Requiring issuers to engage an escrow agent to conduct intrastate offerings has presented problems in many jurisdictions, particularly when the escrow agent is required to be a bank (entities which generally, and institutionally, have been reluctant to engage in crowdfunding transactions on a one-off basis), that is registered and located within the State. While issuers are required to use an escrow agent for all offerings under NC PACES, there is significant flexibility in who can serve in that capacity. The rules permit out-of-state escrow agents, making it possible for local issuers to use standardized fintech software and service providers to facilitate their offerings. They also allow broker-dealers and certain North Carolina law firms to act as escrow agents.

Companies can “go it alone”

Unlike Regulation Crowdfunding and rules imposed by most other states, North Carolina issuers are not required to use a funding portal or a registered broker-dealer to facilitate an offering. Instead, a North Carolina company can elect to “go it alone” to conduct a Local Public Offering or use its own website to create the “platform” for a larger offering.

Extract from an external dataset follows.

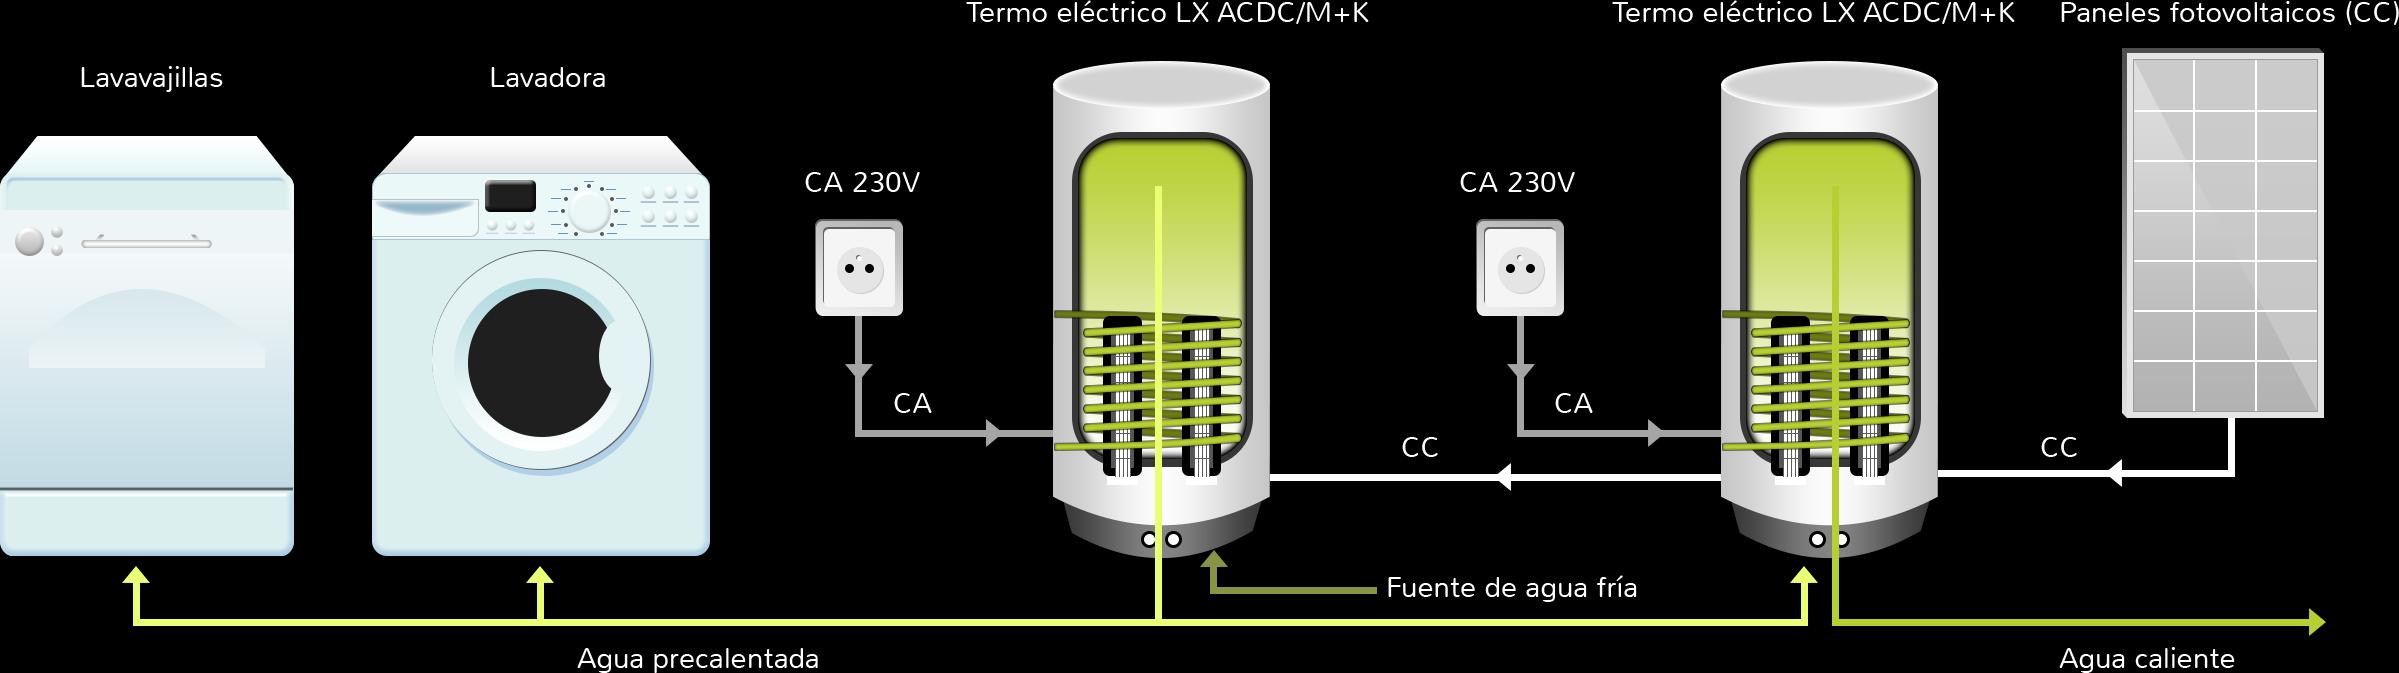 Calentamiento de agua termos el ctricos h bridos - Termos calentadores de agua electricos ...

This flexibility, combined with looser offering mechanics for Local Public Offerings, could significantly reduce costs and eliminate many barriers to entry for many North Carolina companies (particularly those located outside of major cities).

What’s next?

NC PACES could have a significant and meaningful impact on the ability of companies to raise capital. Full implementation of the rules in North Carolina will be tied to effectiveness of the new Rule 147A that goes into effect on April 20, so the offering mechanics have yet to be tested. It is critical for companies and investors to learn more about the limitations and requirements imposed by the rules —it’s simply not possible to fully summarize all of the requirements here. The hope is that raising capital from clients, customers, friends and neighbors just got much easier in North Carolina.

Benji Jones, is a partner with Smith Anderson, the largest business and litigation law firm headquartered in North Carolina’s Research Triangle region.  Benji has close to 20 years’ experience advising private and public companies in a variety of corporate and securities law matters, and most recently she’s been focusing her practice on crowdfunding and fin-tech financings.  She played a critical role in the passage of North Carolina’s intrastate crowdfunding exemption (NC PACES).

The content contained on this article does not provide, and should not be relied upon as, legal advice. It does not convey an offer to represent you or an attorney-client relationship. All uses of the content contained in this article, other than for personal use, are prohibited.